Into the Fire

Written by Manda Scott
Review by Nancy Henshaw

1429: France has been ravaged by long-drawn-out war with England. Tomas Rustbeard is a double agent, his present task to discredit the Maid – France’s most revered woman – reveal her as a heretic and blasphemer, deserving death by burning. He becomes the Maid’s trusted companion but is increasingly puzzled. She is a leader, her courage beyond human. Even her warhorse, the fiendish Xenophon, adores her. In battle the Maid more than equals the King’s greatest knights. Inspirational but who, or what, can she be?

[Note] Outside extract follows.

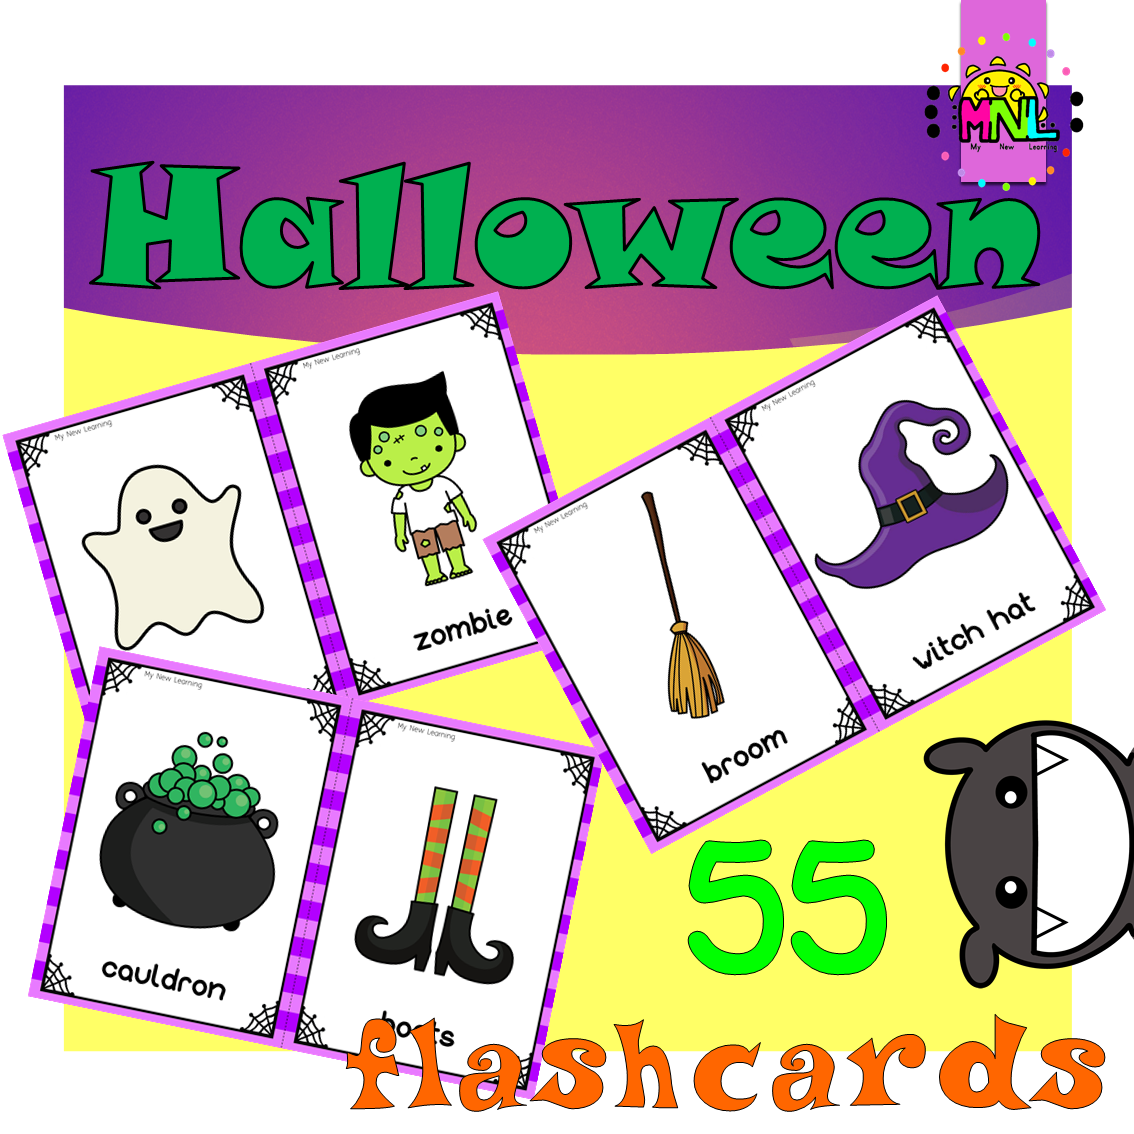 Pin on Halloween School Resources

In Orleans in 2014, on the eve of a bitterly fought election which will seal the city’s future, Police Capitaine Ines Picaut and her team investigate fires of a ferocity that leaves no clues – until the autopsy of an incinerated human body reveals a thumb drive, a precious message swallowed by the victim, but so encoded that even Picaut’s most brilliant codebreaker will need time to decipher it. Meantime, why has the Church been ordering the burning of royal bones?

This marvellous book presents readers with an overflowing cornucopia of romance, horror, mounting anguish and two layers of baffling, disturbing mystery enlivened by a crowd of all-too-human people, ancient and modern. It is exceptionally well paced, and altogether a real treat.